Our goal is to create a rich and diverse corpus of medical sentences assessed and labeled in terms of their credibility by medical experts. To obtain reliable and comparable credibility evaluations, the experts participating in our study were supported by a detailed annotation protocol.

The medical experts evaluated the credibility of sentences with the following set of labels and the corresponding instruction:

CRED (credible): the sentence is reliable; does not raise major objections; contains verifiable information from the medical domain

NONCRED (not credible): the sentence contains false or unverifiable information; contains persuasion contrary to current medical recommendations; contains outdated information

NEU (neutral): the sentence does not contain factual information (eg, it is a question); is not related to medicine

The experts were asked to base their answers mostly on their experience, knowledge, and intuition, but they were also allowed to use an external database that they would usually use in the course of their medical practice. The main direction provided to the experts was to focus on the patient’s alleged perception of the information.
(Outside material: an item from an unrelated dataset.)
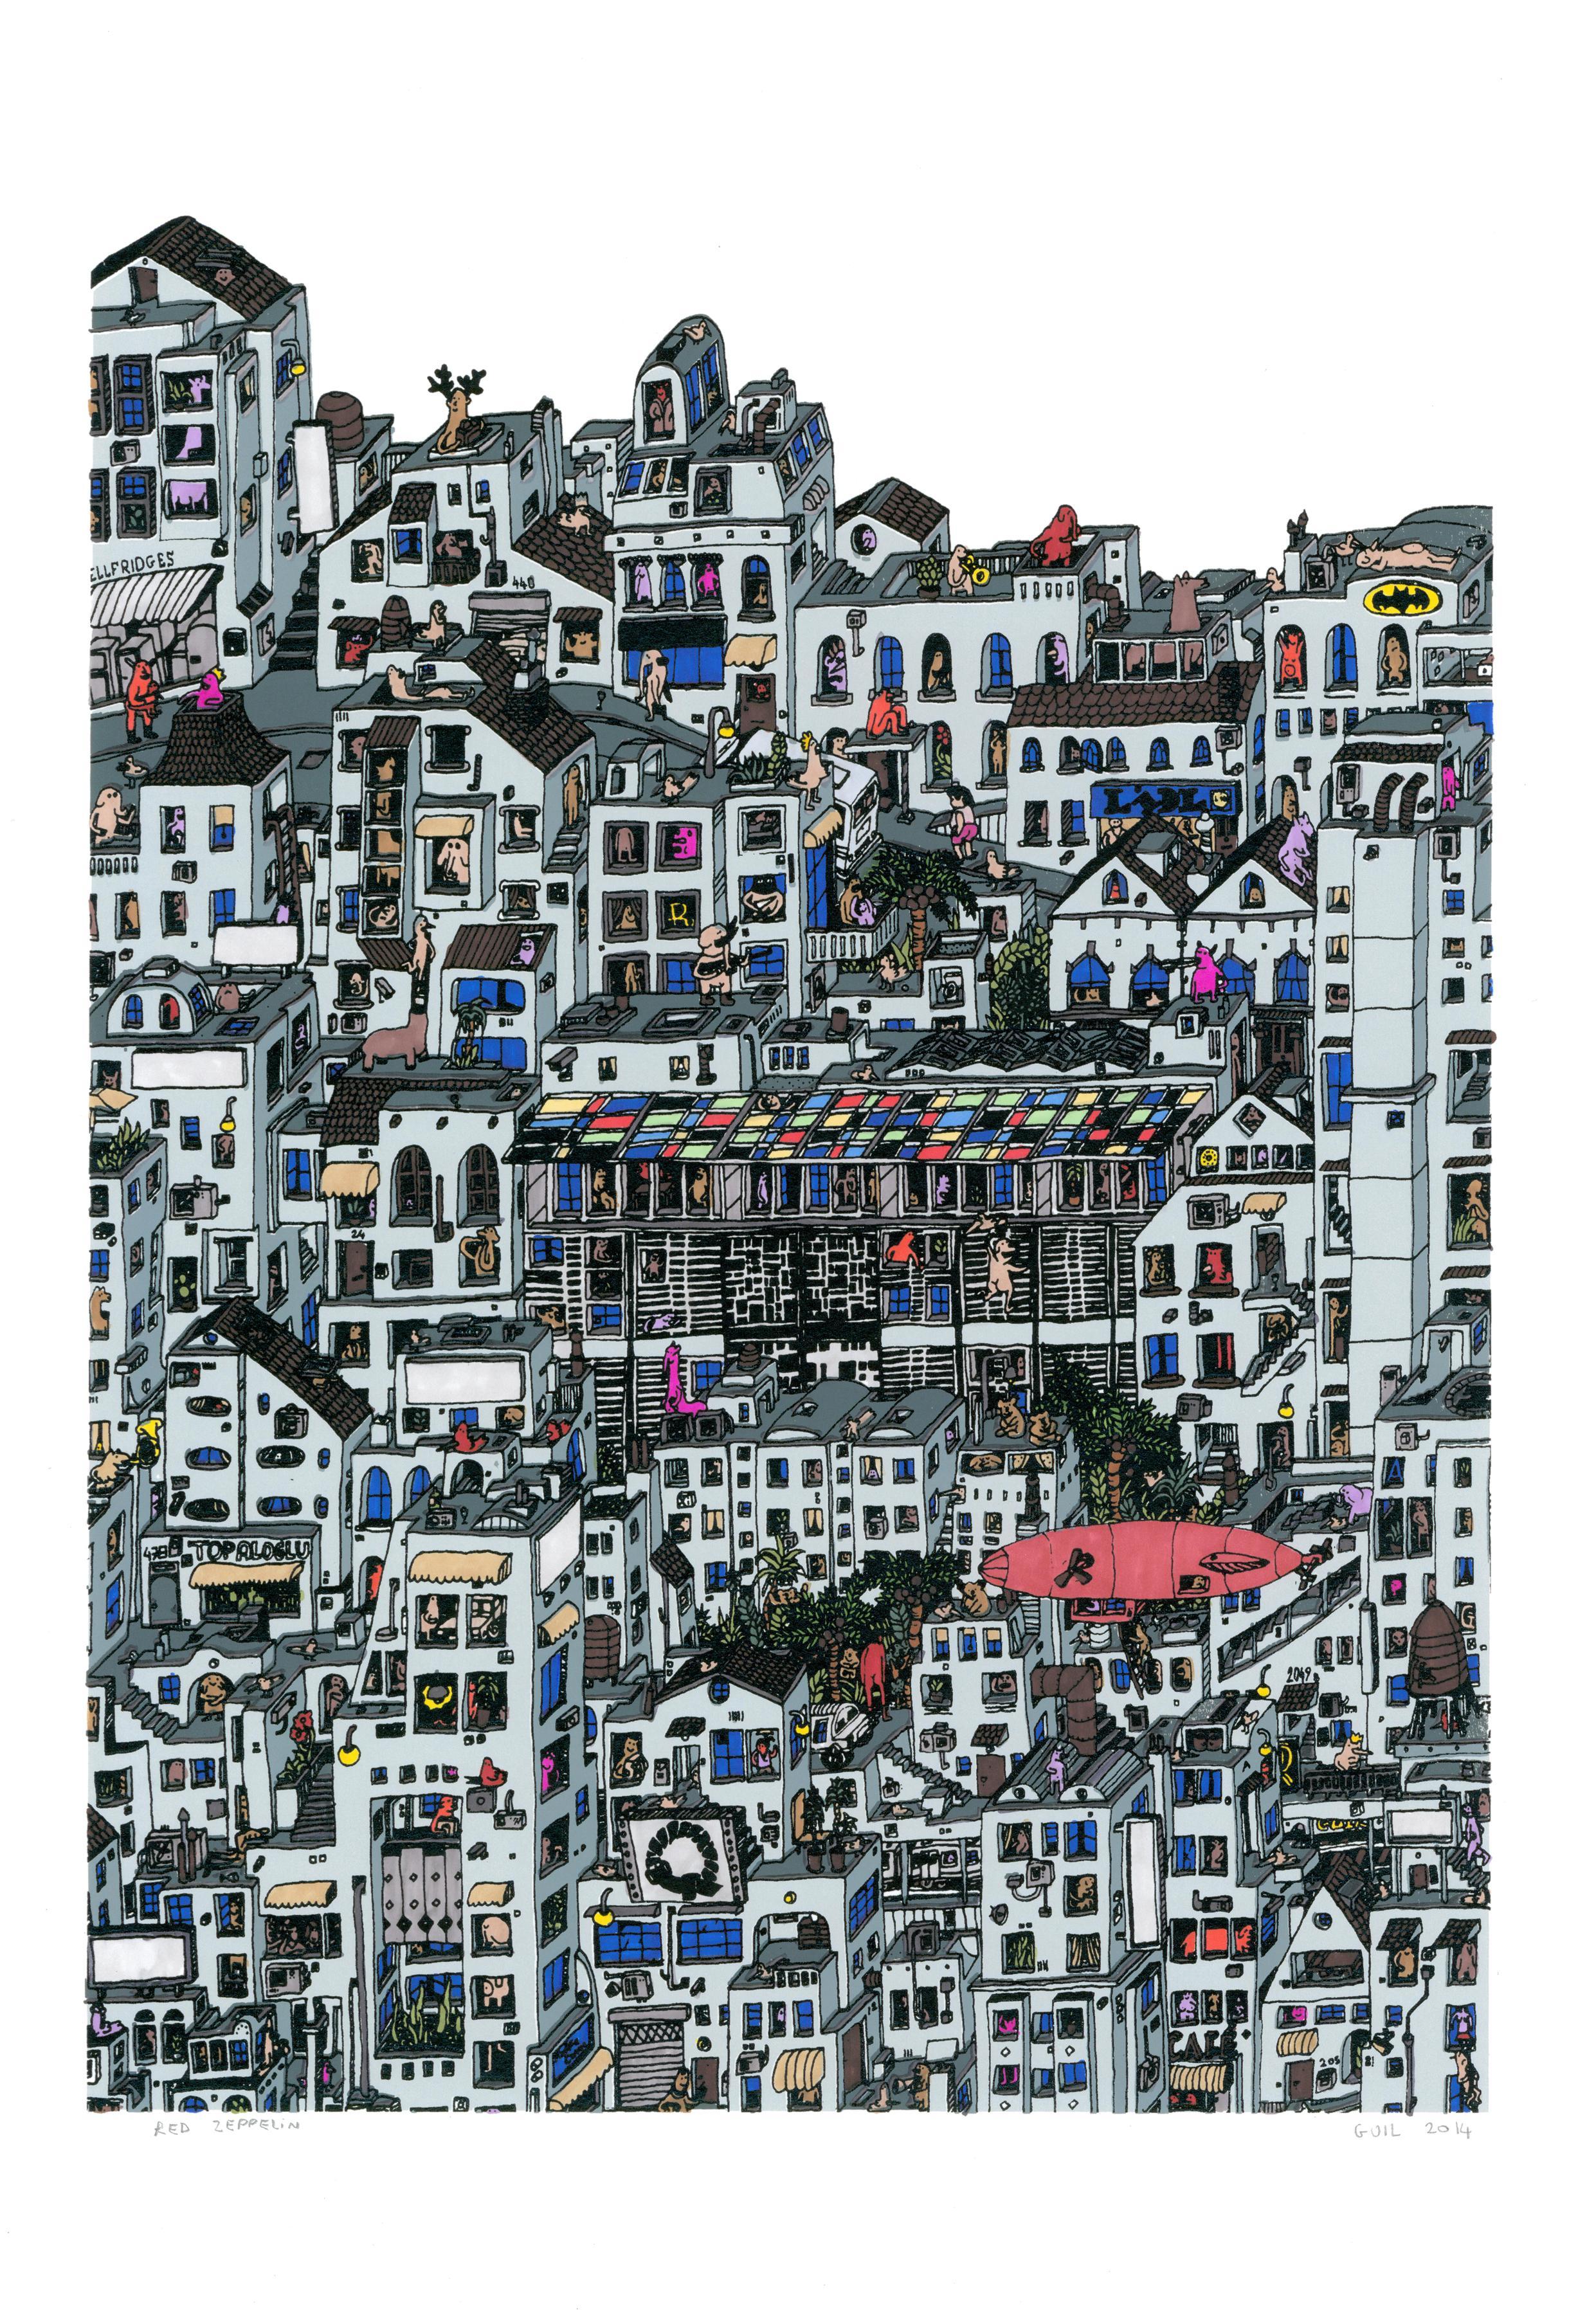 Red Zeppelin, fantastical jungle inspired cityscape by Guillaume Cornet framed

The control question stated as follows: “If the patient asked you if he or she should trust this statement, would you say yes or no?”

In addition, we collected the following information for each sentence:

Time needed for evaluation (in milliseconds)
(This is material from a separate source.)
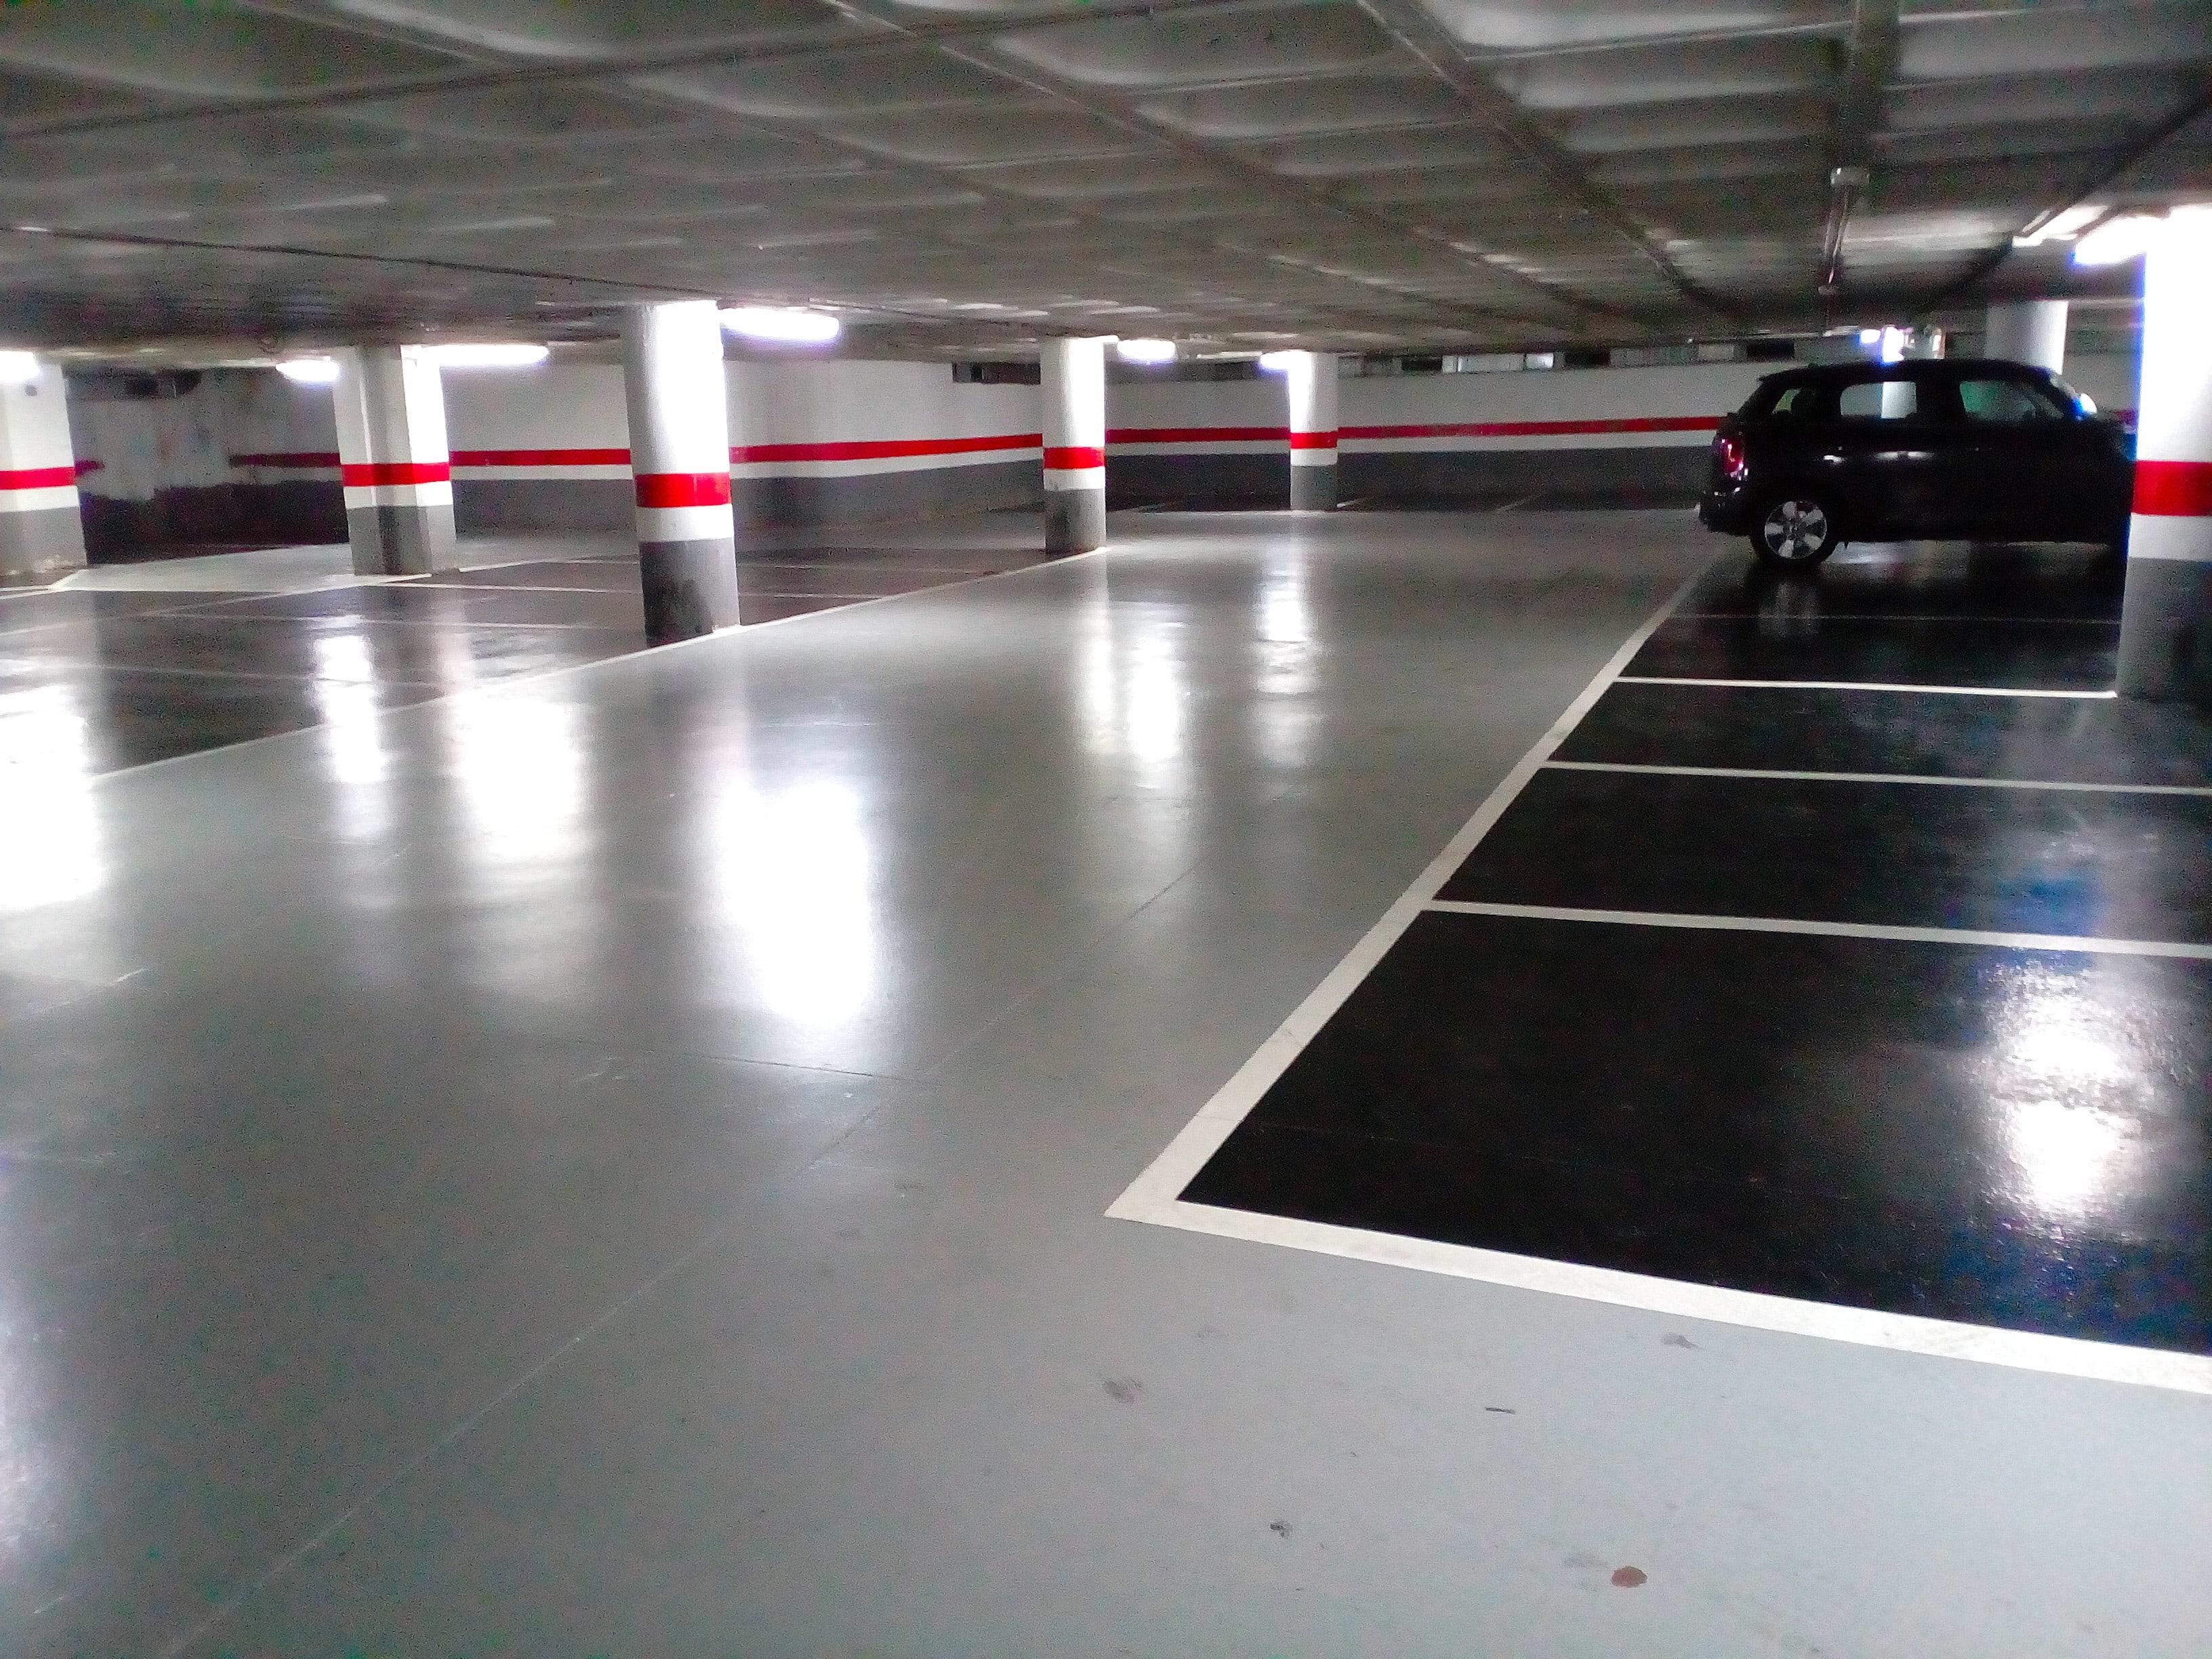 Pinturas de poliuretano para parking

(Optional) Reason for evaluating the sentence as noncredible

Number of surrounding sentences needed to understand the context of the sentence being evaluated

Examples of credible sentences from the cholesterol and statins topic include the following:

Lp(a), the worst cholesterol, is a number most doctors don’t measure.
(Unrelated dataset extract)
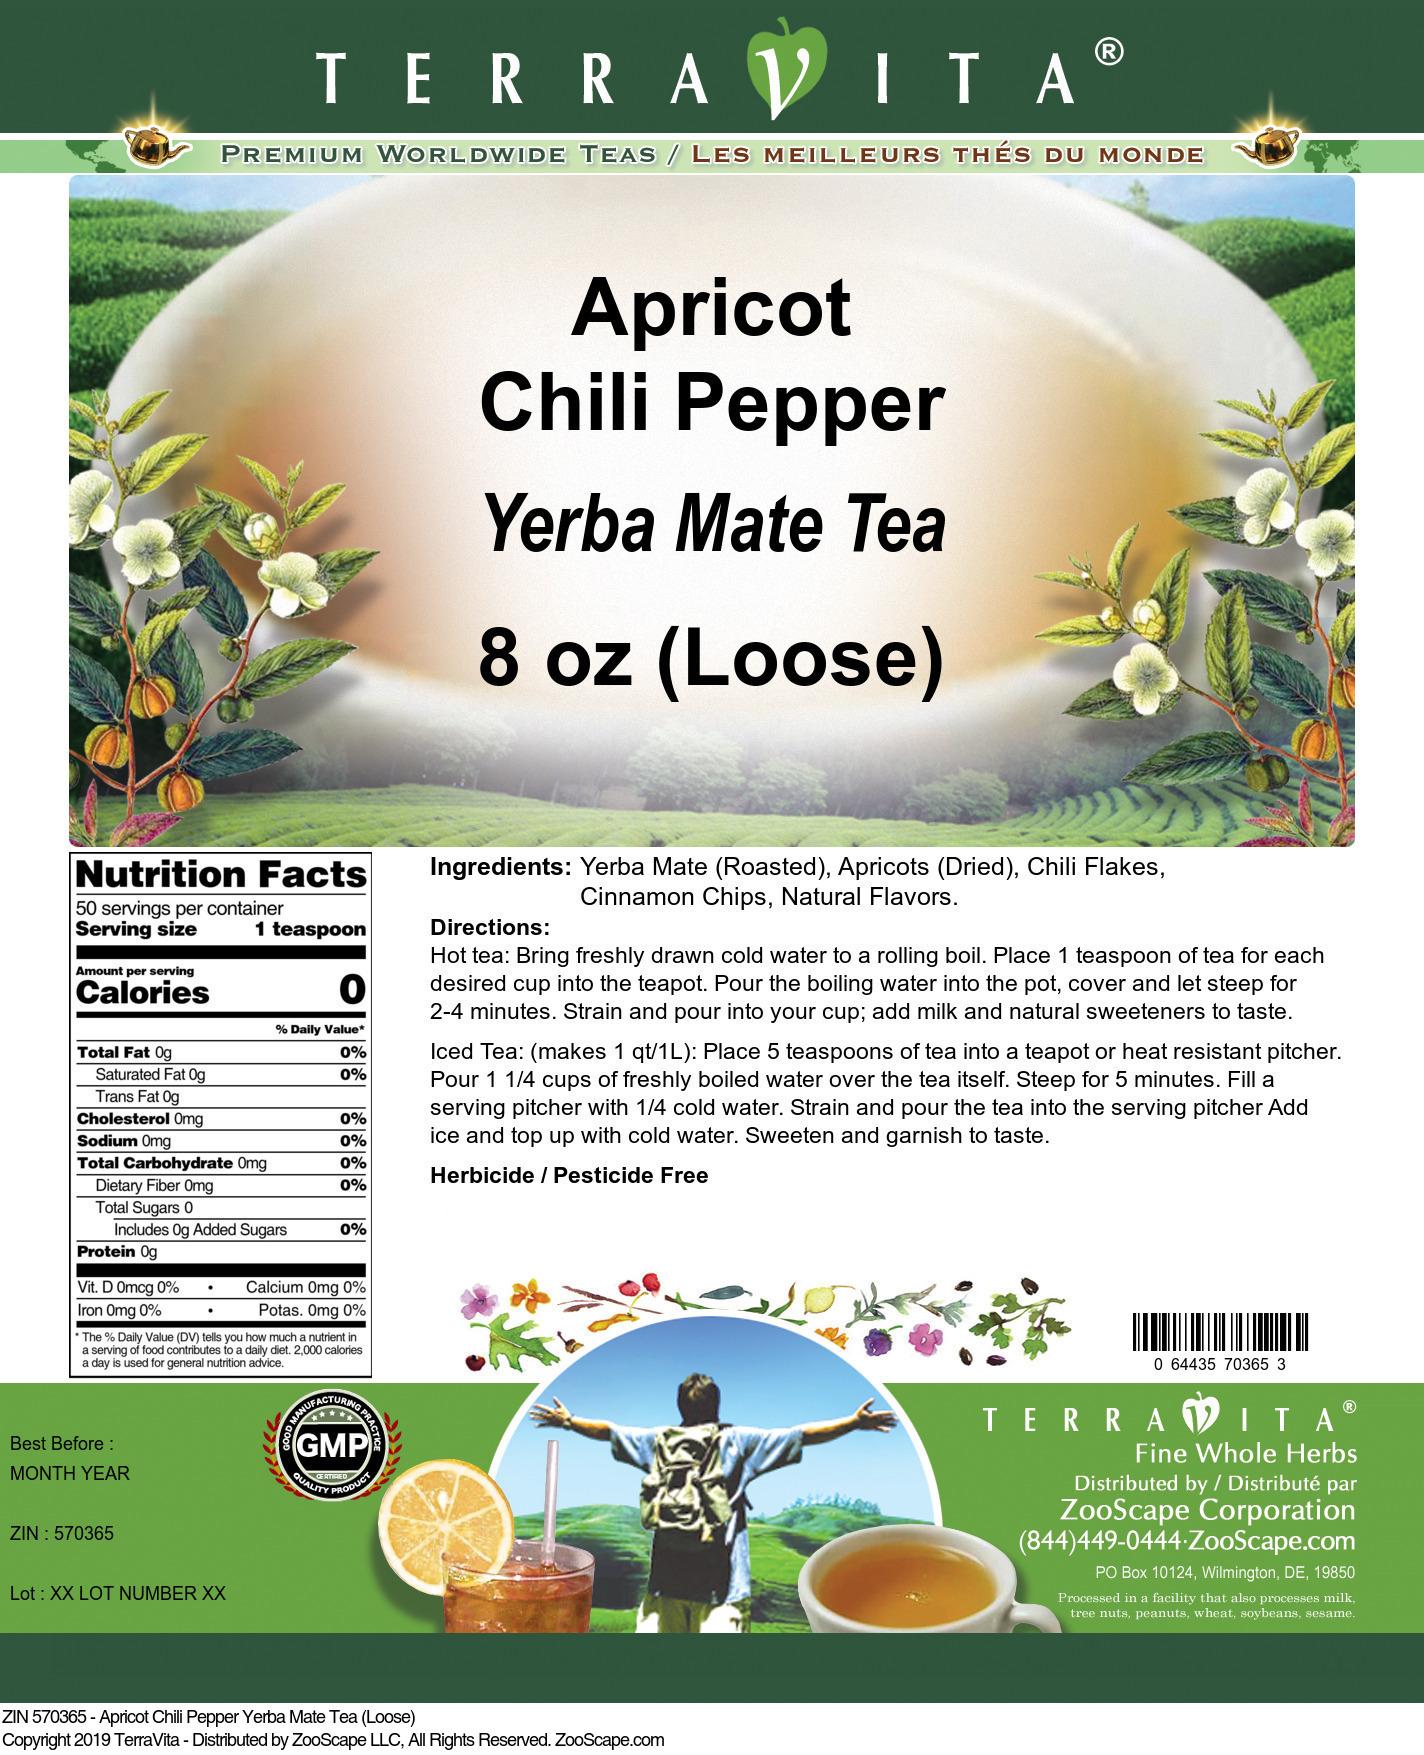 Apricot Chili Pepper Yerba Mate Tea (Loose)

Monitoring cholesterol levels is crucial because individuals with unhealthy cholesterol levels typically do not develop specific symptoms.

Non-communicable chronic disease is now the biggest killer on the planet.

Examples of noncredible sentences include the following:

For the remaining 90% of the population, the total cholesterol had no predictive value.

It seems likely that fear of fat is unreal, based on a carry-on of the cholesterol fear.

Most people don’t need to cut down on the cholesterol that’s found in these foods.

Examples of neutral sentences include the following:

Seven [research items] found no link between LDL cholesterol and cardiovascular mortality.

These perspectives won’t make headlines and they won’t appeal to those who want a simple and definite answers.

This is not why I went to medical school.

Impact of Sentence Context on Credibility Evaluation

Table 1 shows how many sentences required additional m-surrounding sentences to provide the context for annotation. When focusing on noncredible statements, more than 71.27% (1377/1932) of the sentences were self-explanatory, 26.6% (514/1932) of the sentences required a single sentence of context, and less than 2.17% (42/1932) of the sentences required 2 or more sentences of context. Thus, we conclude that our choice of the sentence as the unit of information is justified.

Table 1

Number of surrounding sentences (m) needed to understand the context and evaluate the credibility of a sentence for all data, only credible subset, only noncredible subset, and only neutral subset (n=10,649).

m	All data, n (%)	Credible subset, n (%)	Noncredible subset, n (%)	Neutral subset, n (%)
0	8565 (80.43)	4955 (80.07)	1377 (71.27)	2233 (88.3)
1	1958 (18.39)	1165 (18.83)	514 (26.6)	279 (11.03)
2	107 (1)	57 (0.92)	34 (1.76)	16 (0.63)
3	12 (0.11)	5 (0.08)	6 (0.31)	1 (0.04)
<3	8 (0.07)	6 (0.1)	2 (0.05)	0 (0)

For the annotation process, we used the software developed specifically for this experiment. During the experiment, the medical expert could not see the context of the whole document while annotating a sentence. However, we provided the most relevant keywords collected from the rest of the document. Keywords were extracted using the methods described in the study by Nabożny et al [46]. A single task is shown in Figure 1.

Figure 1

Annotation interface: single sentence view.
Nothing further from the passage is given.